An ongoing theme in this class (one of them anyway) is whether the general public has the disposition necessary to be the basis for a system of government. My 2301 winter students will slog through Federalist #10 this week and consider this question and how the constitutional system is designed to compensate for the deficiencies of the public.
Here is the latest example. Andrew Gellman points to two well reasoned, well supported arguments that hold (1) that the public does not really care about the gap between the rich and the poor and (2) that it does.
A vast majority of Americans — including half of all self-identified Republicans — think there is “too much power in the hands of a few rich people and large corporations.” And a solid majority believes that “the country’s economic system unfairly favors the wealthy.” On the other hand, close to 60 percent of Americans do not see the country as “divided into haves and have-nots” and over 60 percent see “big government” as the biggest threat to the country in the future. What gives?

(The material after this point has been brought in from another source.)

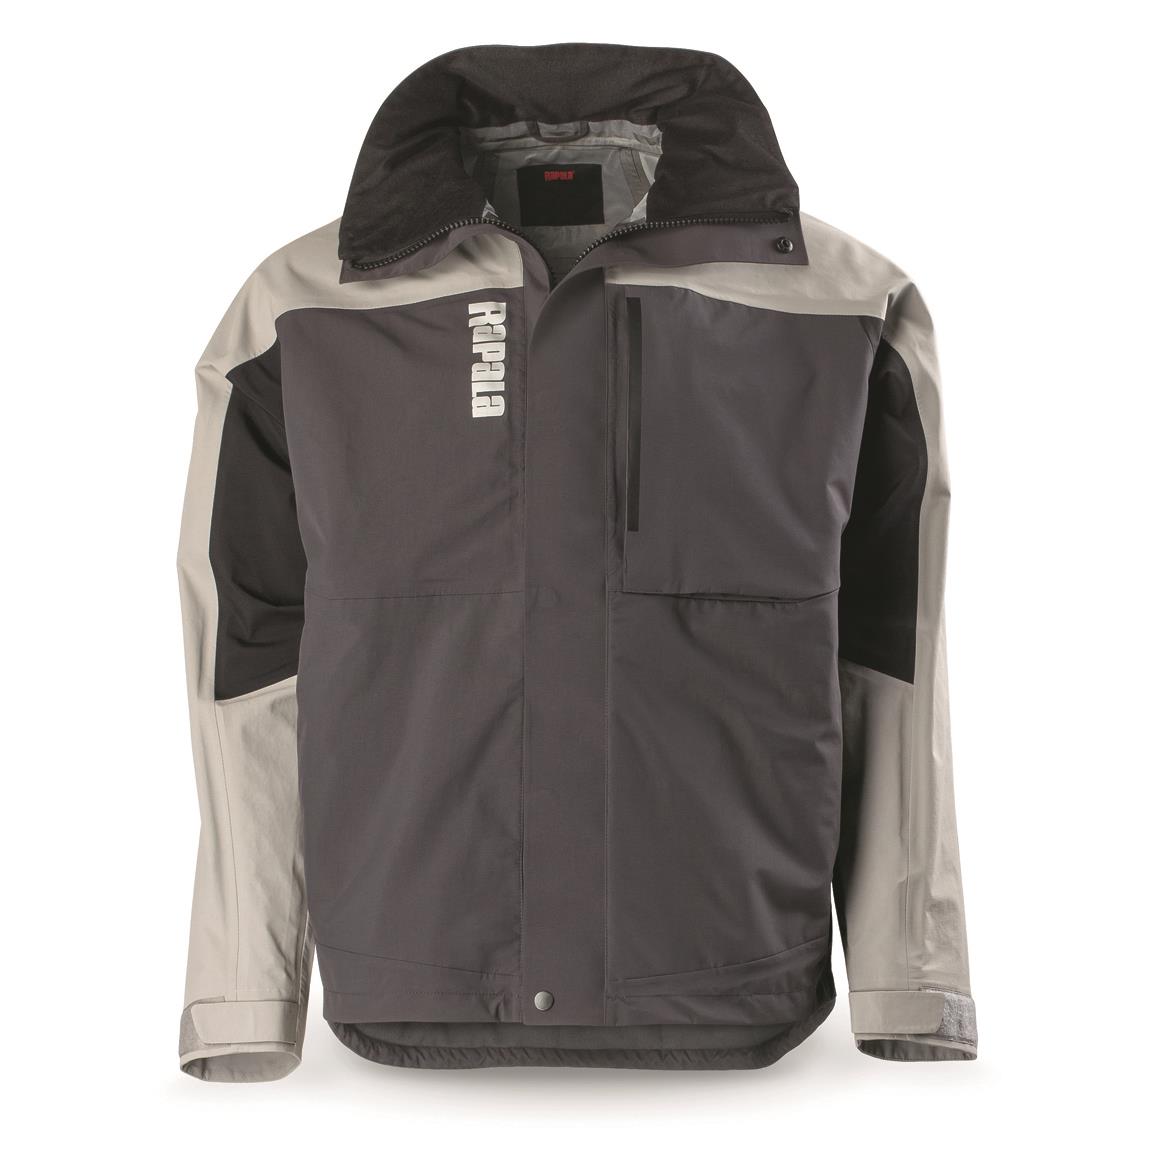 Simms Waypoints Rain Jacket - 730433, Jackets, Coats & Rain Gear
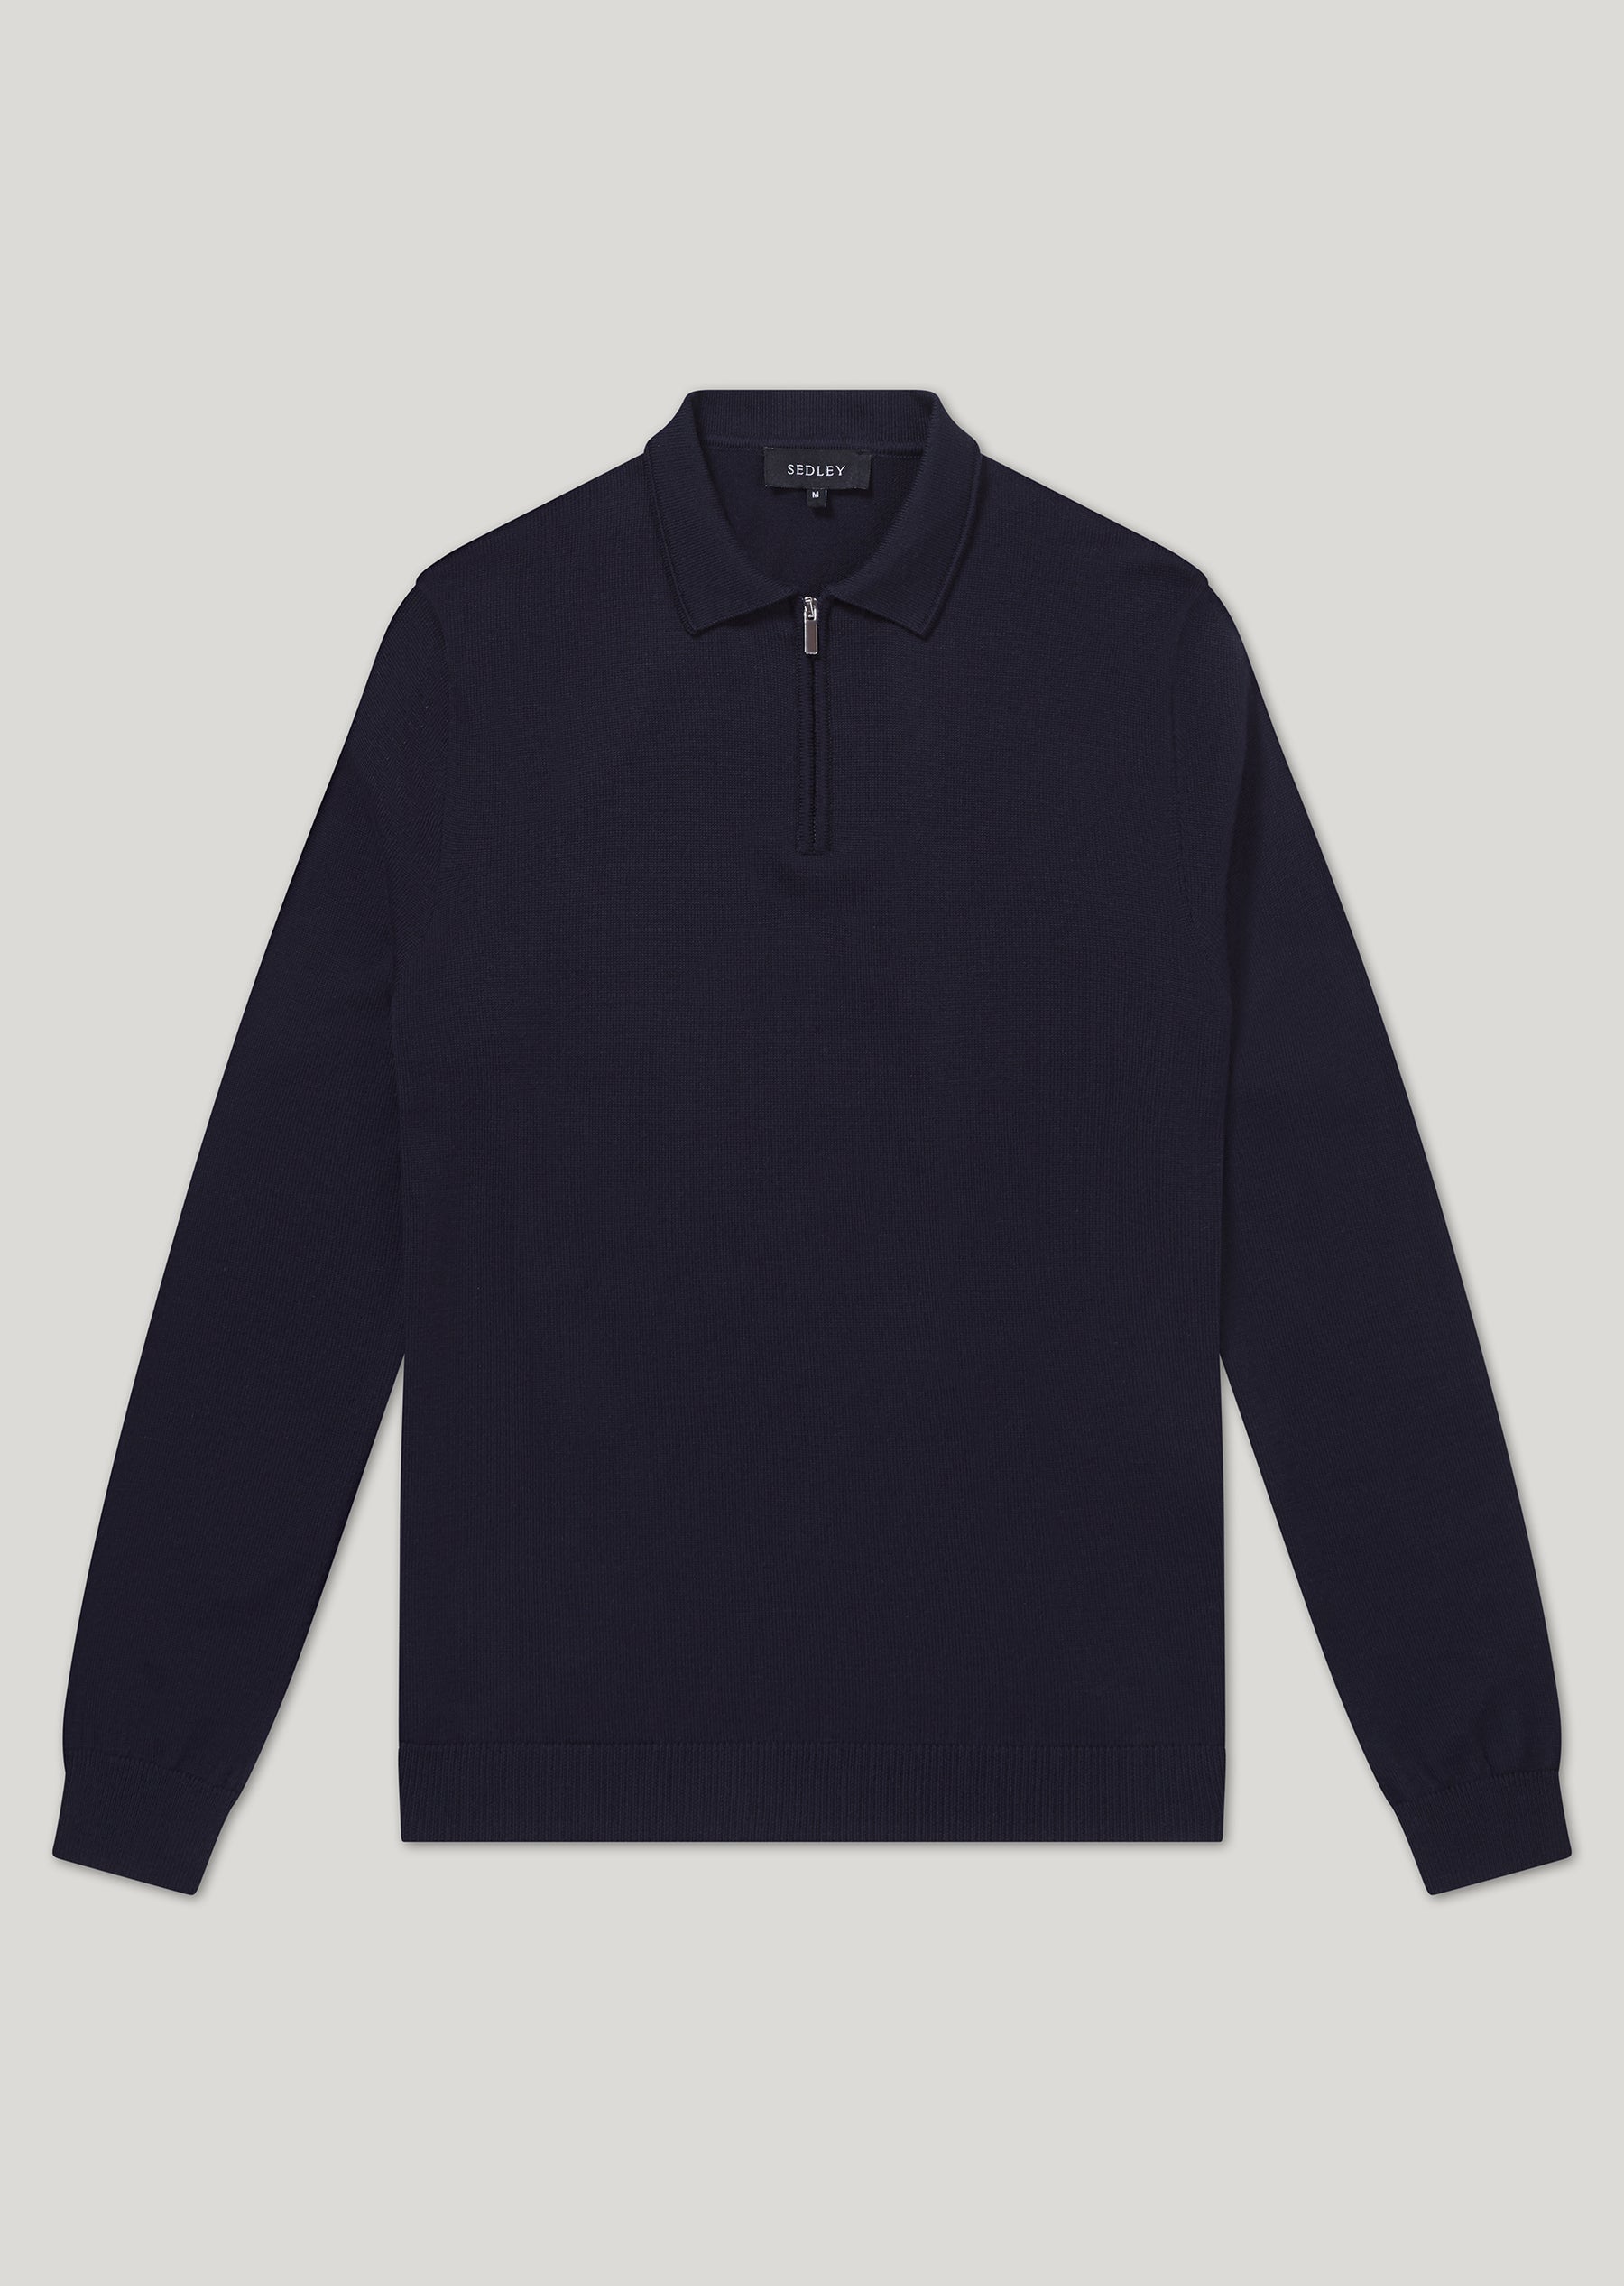 Hone Navy Zip Up 100% Wool Knitted Sweatshirt

What seems to give is our ambiguity about certain issues compounded by the fact that public opinion polls ask questions that attempt to simplify issues, perhaps a bit much. Two questions, worded differently, which attempt to determine how people think about a specific item, can come up with two different opinions. Neither is wrong necessarily, we are all internally conflicted.
As we begin to dig into elections, parties and political conflict in general, we will see how these internal contradictions influence how political campaigns are organized and how people can be persuaded to see the same things in different ways.